His mother was Leah. The plant was dudaim, mandrakes in English, a root the ancient world believed had properties that aided fertility. Rachel saw it in her sister's hands and wanted it immediately. She had been struggling with infertility for years while Leah bore son after son, watching the tents fill with children that were not hers. She asked her sister for the plant.
Leah looked at her sister and named a price: if Rachel wanted the mandrakes, she would give Jacob back to Leah for that night, instead of sending him to her own tent. The roots for the husband. That was the trade laid out plainly between the two women.
The Angel's Warning to Jacob
Rachel agreed. That evening, when Jacob came in from the field, Leah went out to meet him at the door and told him he was coming to her tent tonight. She had hired him with her son's mandrakes, and she said so to his face. Jacob went in to Leah.
An angel appeared to Jacob that night. The message was specific and unsparing: Rachel would bear only two sons. She had traded away her husband's presence, and not for nothing, not for a small thing, but for roots she would not even eat. She placed them in the house of God and gave them to the priest. What she wanted from the mandrakes was not the fruit of the plant but something more obscure, more connected to longing itself than to any practical benefit the roots could provide.
Leah had wanted Jacob's presence for the sake of children. That was the reason God counted in her favor. Rachel had wanted the mandrakes and had traded what Leah wanted in order to get them. The angel was marking the difference between the two desires, drawing the line between the sister who bargained for a husband and the sister who bargained him away.
What the Bargain Produced
Leah conceived that night and bore Issachar, whose name means wages, the son purchased by the mandrakes. She bore Zebulun after him. She had six sons in total before the counting stopped, a tent crowded with the children her single night had begun.
Rachel eventually bore Joseph and Benjamin. Two sons, as the angel had said, and no more. Benjamin's birth killed her on the road. The trajectory had been fixed at the mandrake bargain, and what she got was what had been determined by what she chose that afternoon in the field, with the roots in her hand and her sister's price already spoken.
The Sister Who Wanted Completely
The tradition does not treat Rachel cruelly in this telling. It treats her as a woman who made a choice she did not understand, who traded something she could not recover, and who bore the consequences with the same intensity she had brought to everything else in her life.
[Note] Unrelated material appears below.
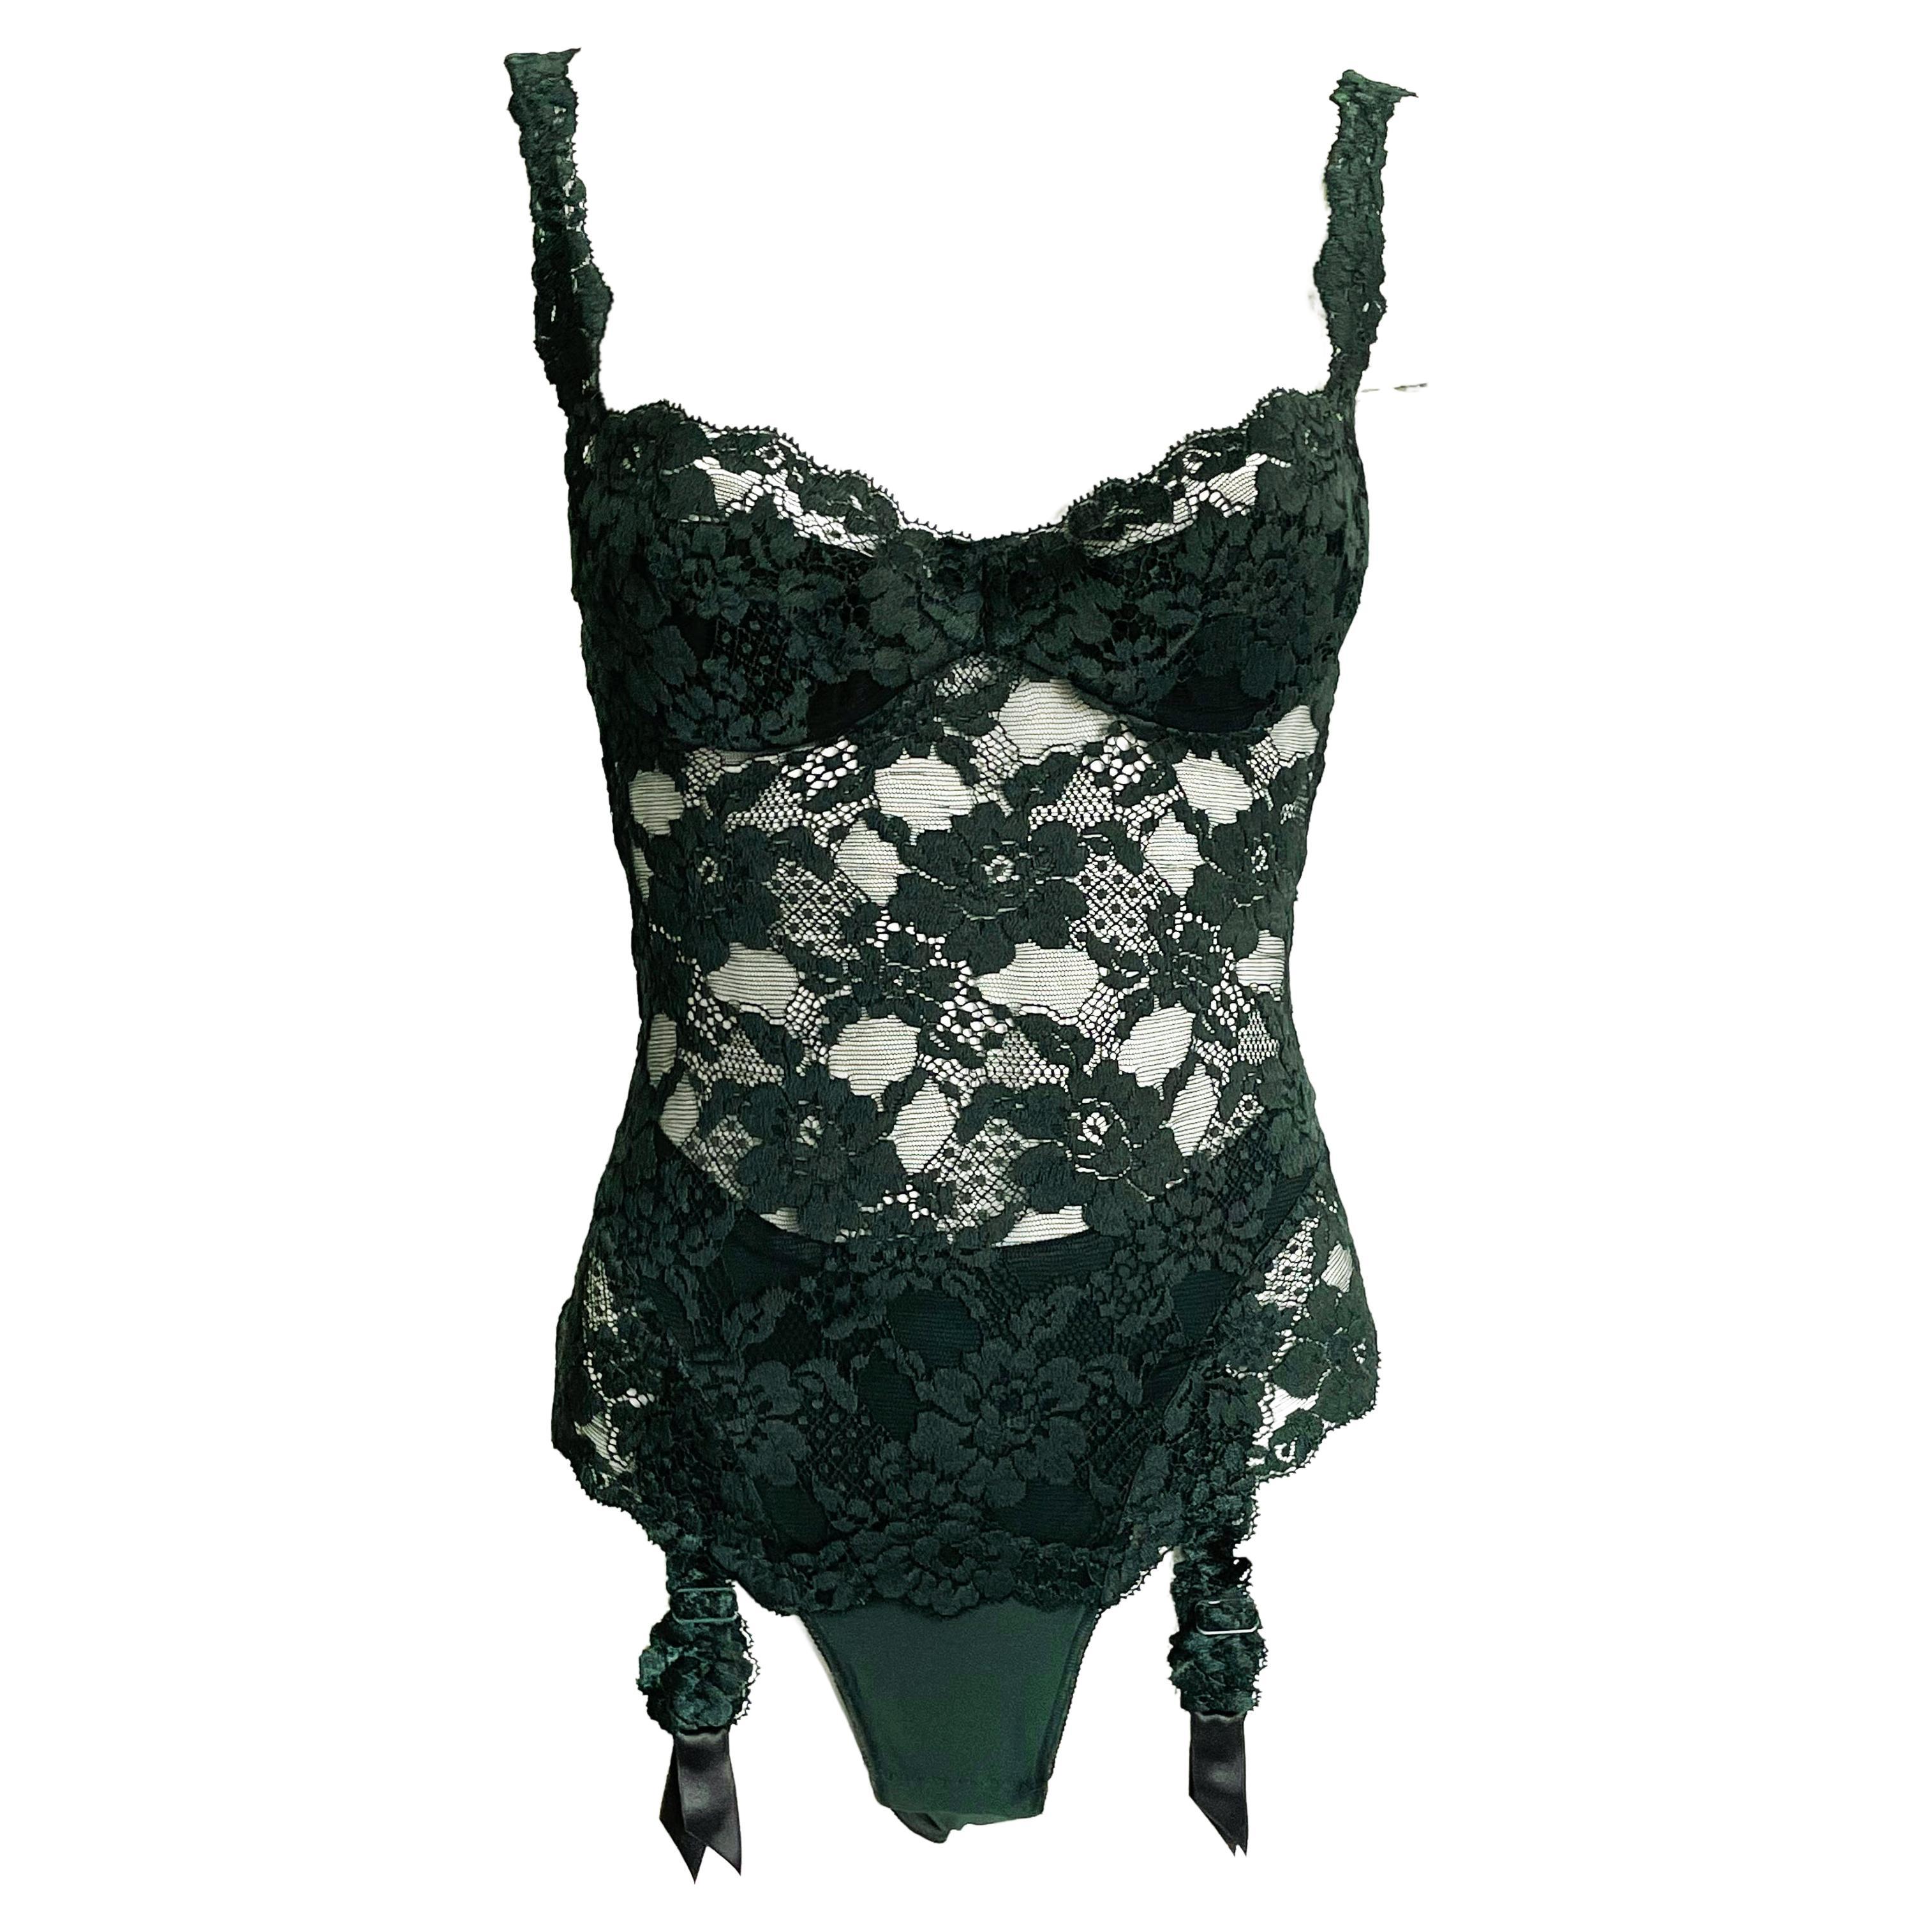 La Perla Body Suit with Garter Straps Floral Lace New With Tags 2003 NOS Size 34

She wanted the mandrakes the way she always wanted things: completely, immediately, at cost. The cost turned out to be the number of her children and the length of her own life.
She gave the roots away in the end. She did not eat them, did not plant them, did not keep them. She set them in the house of God and handed them to the priest, as though the wanting and not the having had been the whole of it. The night she traded for the plant became Issachar, the son named for a price, and the years she might have lived became the cost she paid for an afternoon's longing.